─── DATA SHOWN ───

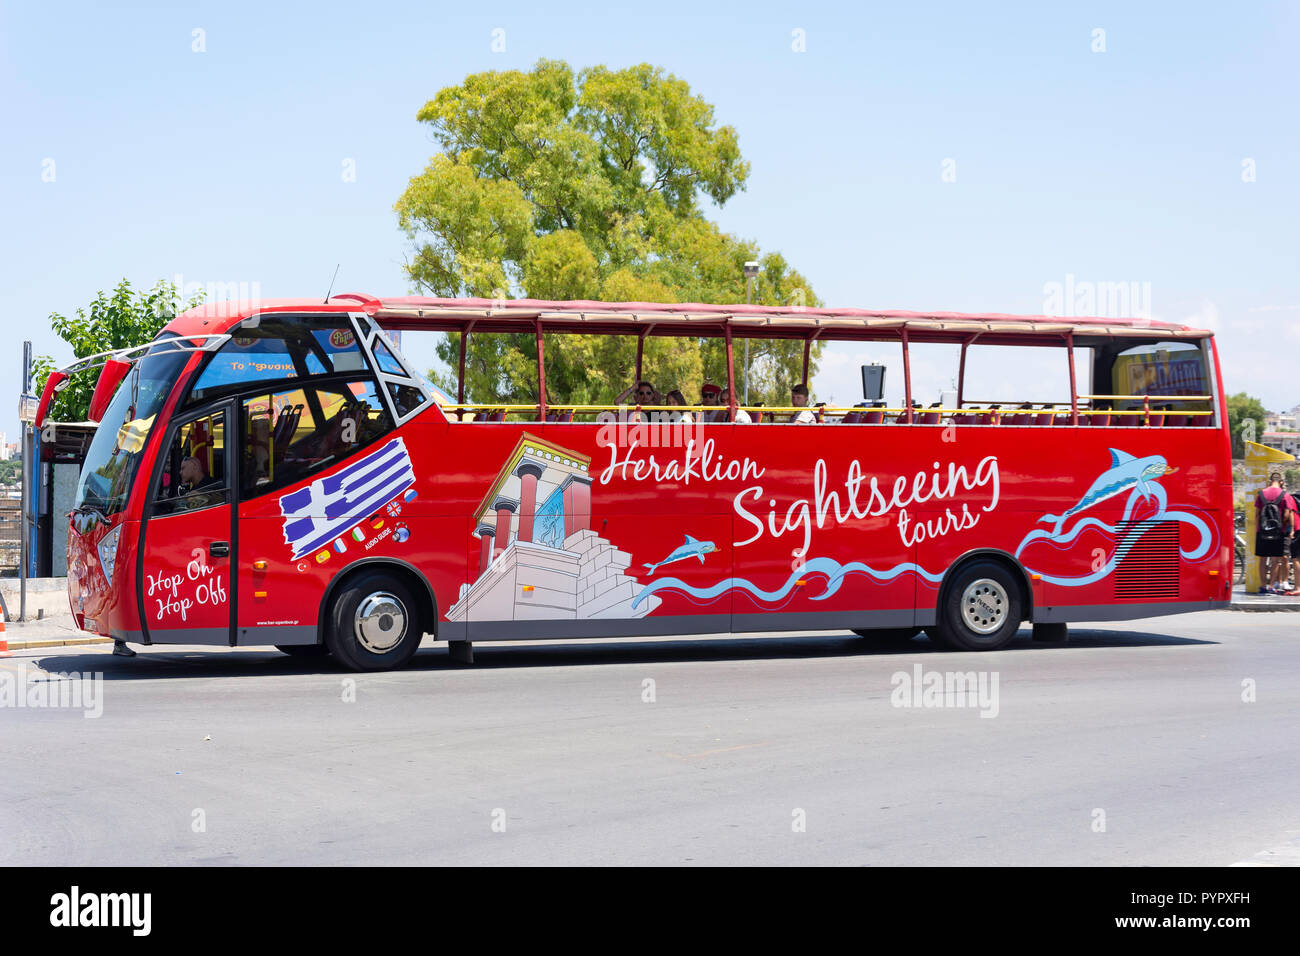 Sightseeing Tour mit dem Bus von Heraklion, Heraklion (irakleio), Irakleio Region, Kreta (Kriti), Griechenland Stockfoto
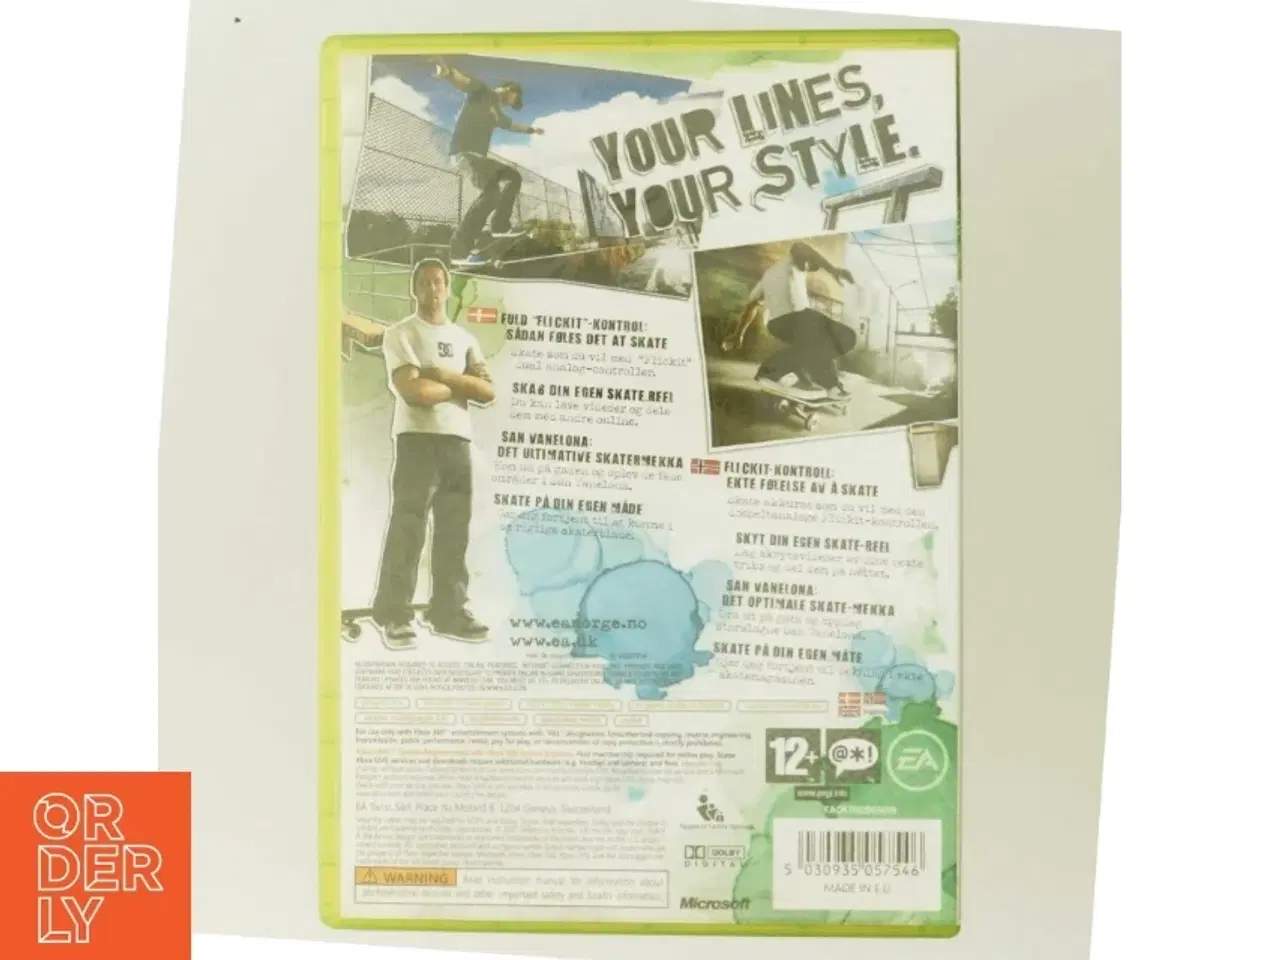 Billede 3 - Skate videospil til Xbox 360 fra Electronic Arts
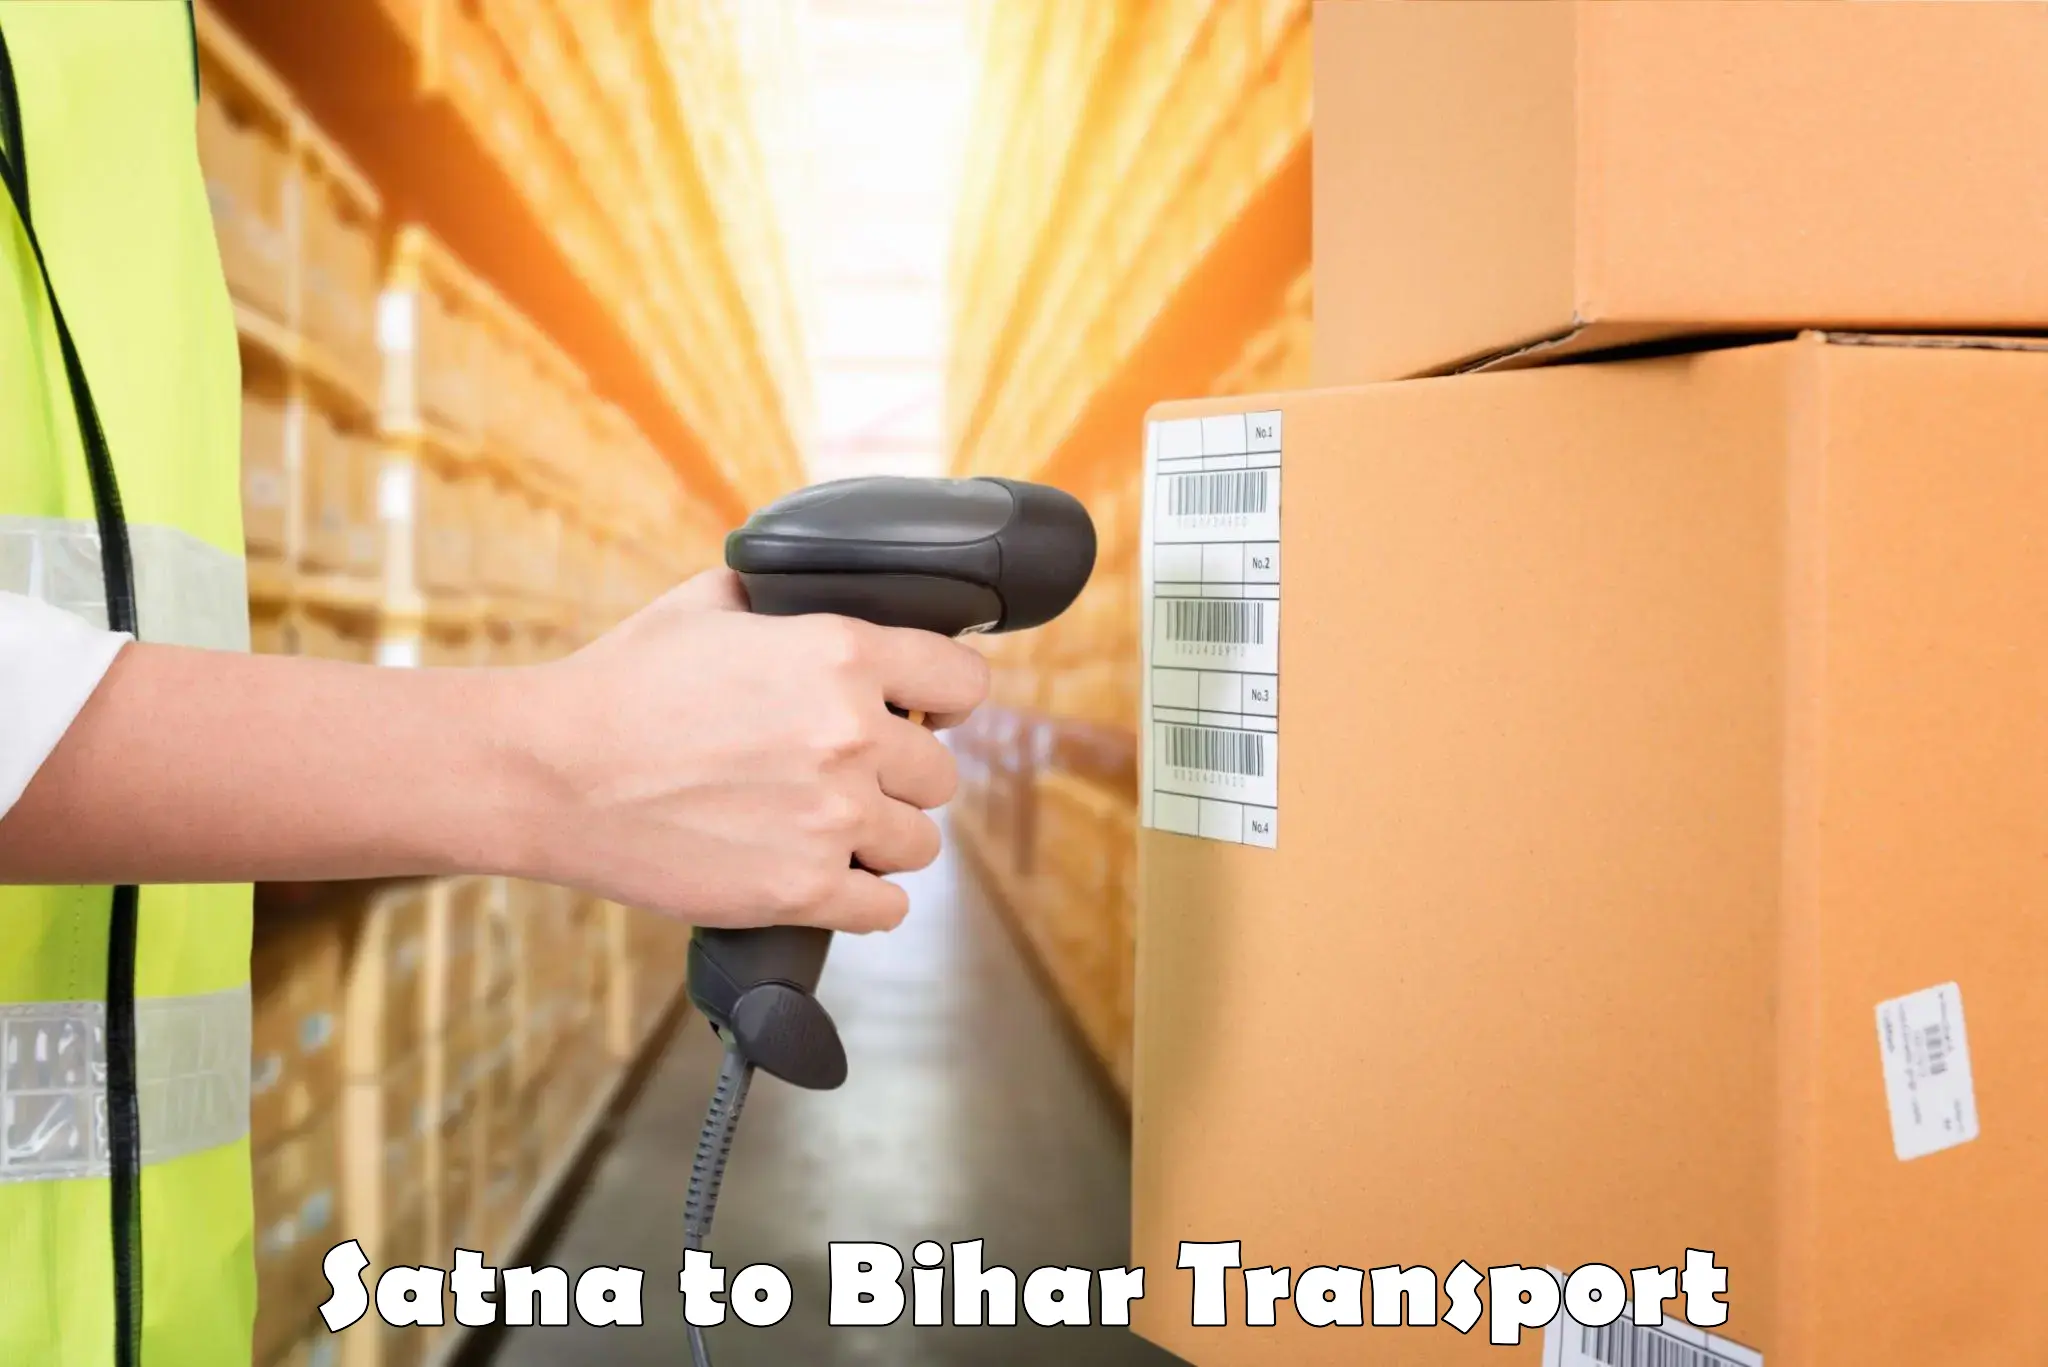 Transport in sharing Satna to Bakhtiarpur
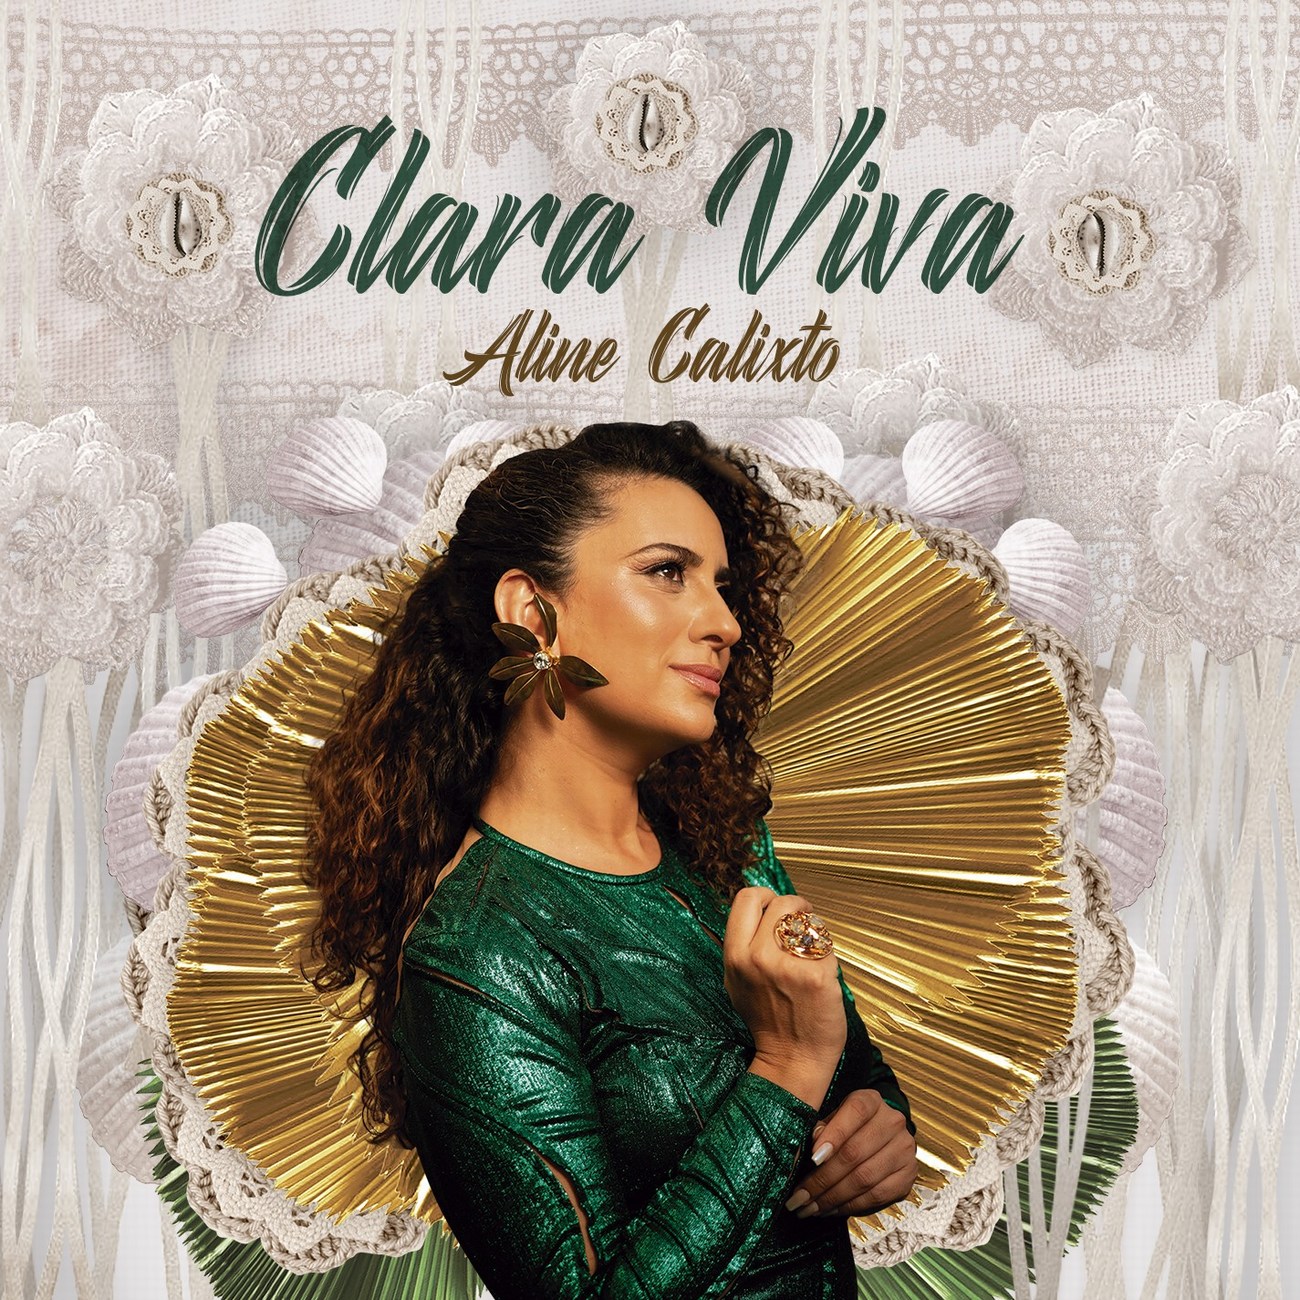 revistaprosaversoearte.com - 'Clara Viva', álbum da cantora mineira Aline Calixto
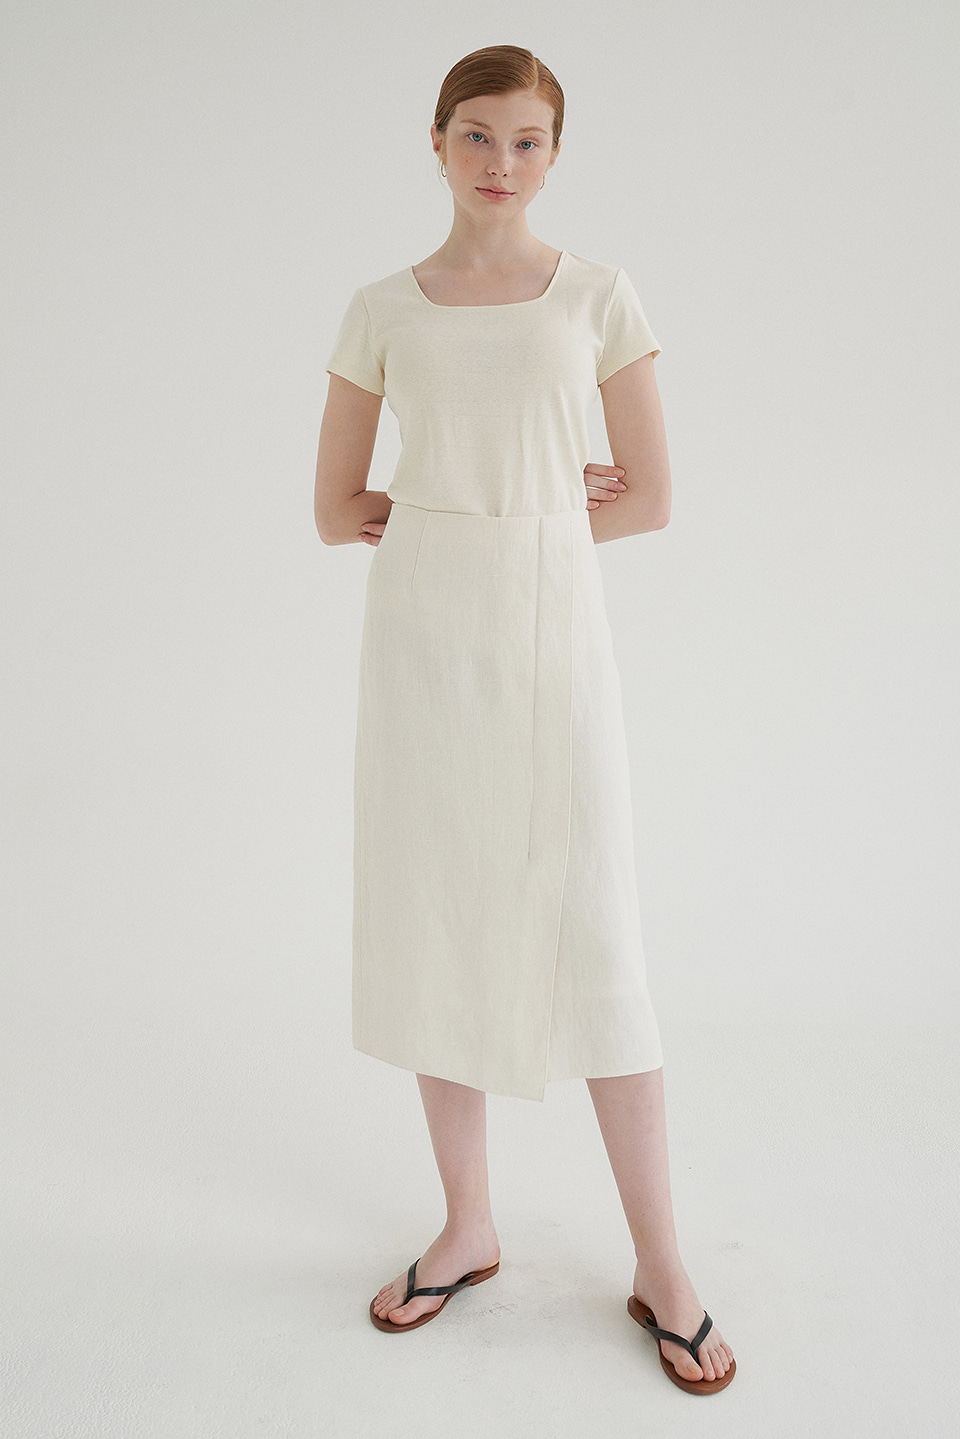 linen wrap skirt (off white)
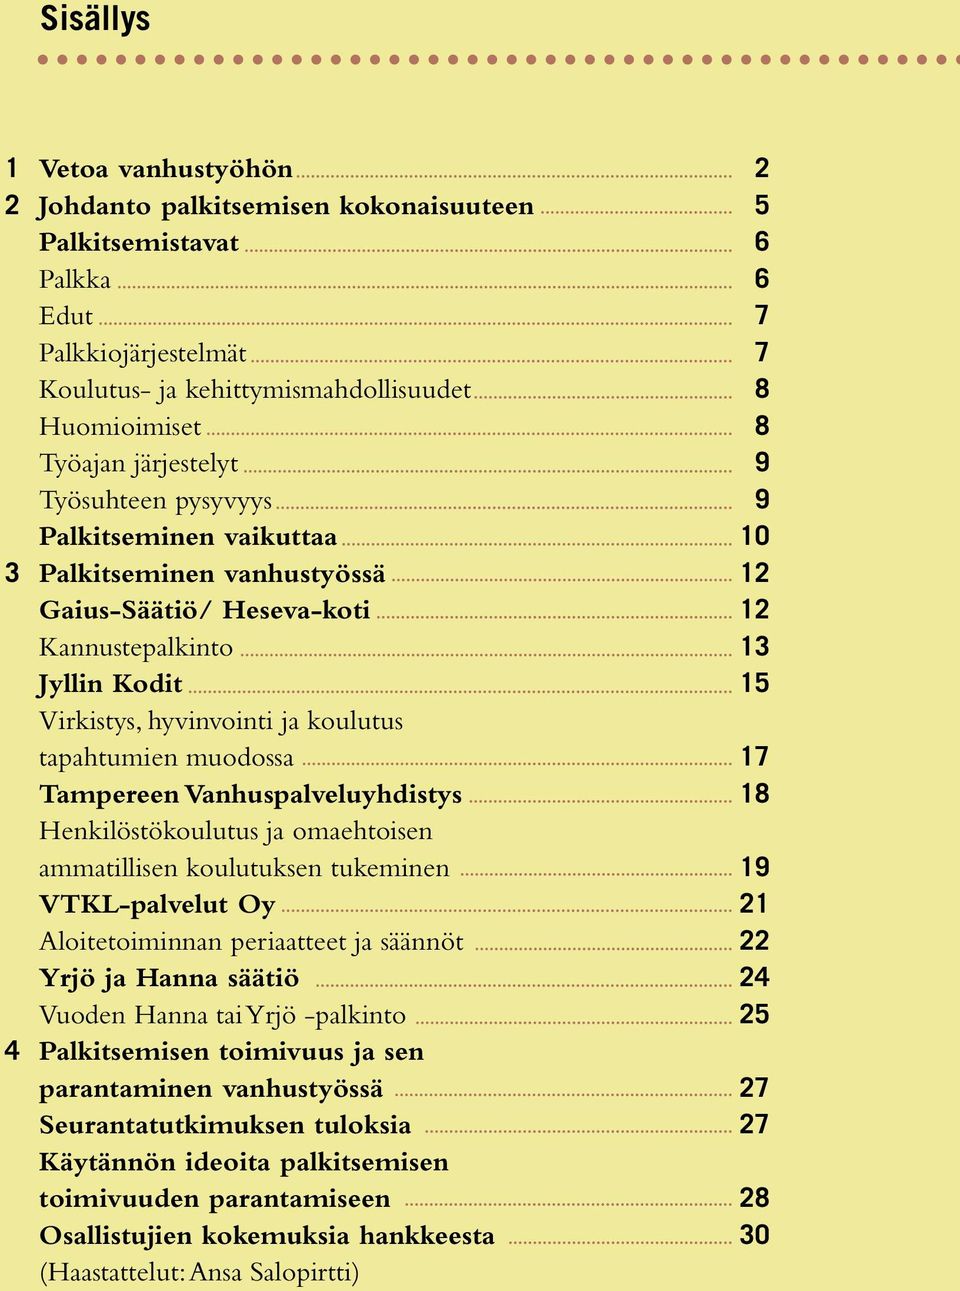 tapahtumien muodossa 17 Tampereen Vanhuspalveluyhdistys 18 Henkilöstökoulutus ja omaehtoisen ammatillisen koulutuksen tukeminen 19 VTKL-palvelut Oy 21 Aloitetoiminnan periaatteet ja säännöt 22 Yrjö

───

◆ THE TASK
Without carrying over any picture, retype the records above word for word.

◆ ANSWER TO THIS EXERCISE
 Sightseeing Tour mit dem Bus von Heraklion, Heraklion (irakleio), Irakleio Region, Kreta (Kriti), Griechenland Stockfoto
 Billede 3 - Skate videospil til Xbox 360 fra Electronic Arts
 Transport in sharing Satna to Bakhtiarpur
 revistaprosaversoearte.com - 'Clara Viva', álbum da cantora mineira Aline Calixto
 linen wrap skirt (off white)
 tapahtumien muodossa 17 Tampereen Vanhuspalveluyhdistys 18 Henkilöstökoulutus ja omaehtoisen ammatillisen koulutuksen tukeminen 19 VTKL-palvelut Oy 21 Aloitetoiminnan periaatteet ja säännöt 22 Yrjö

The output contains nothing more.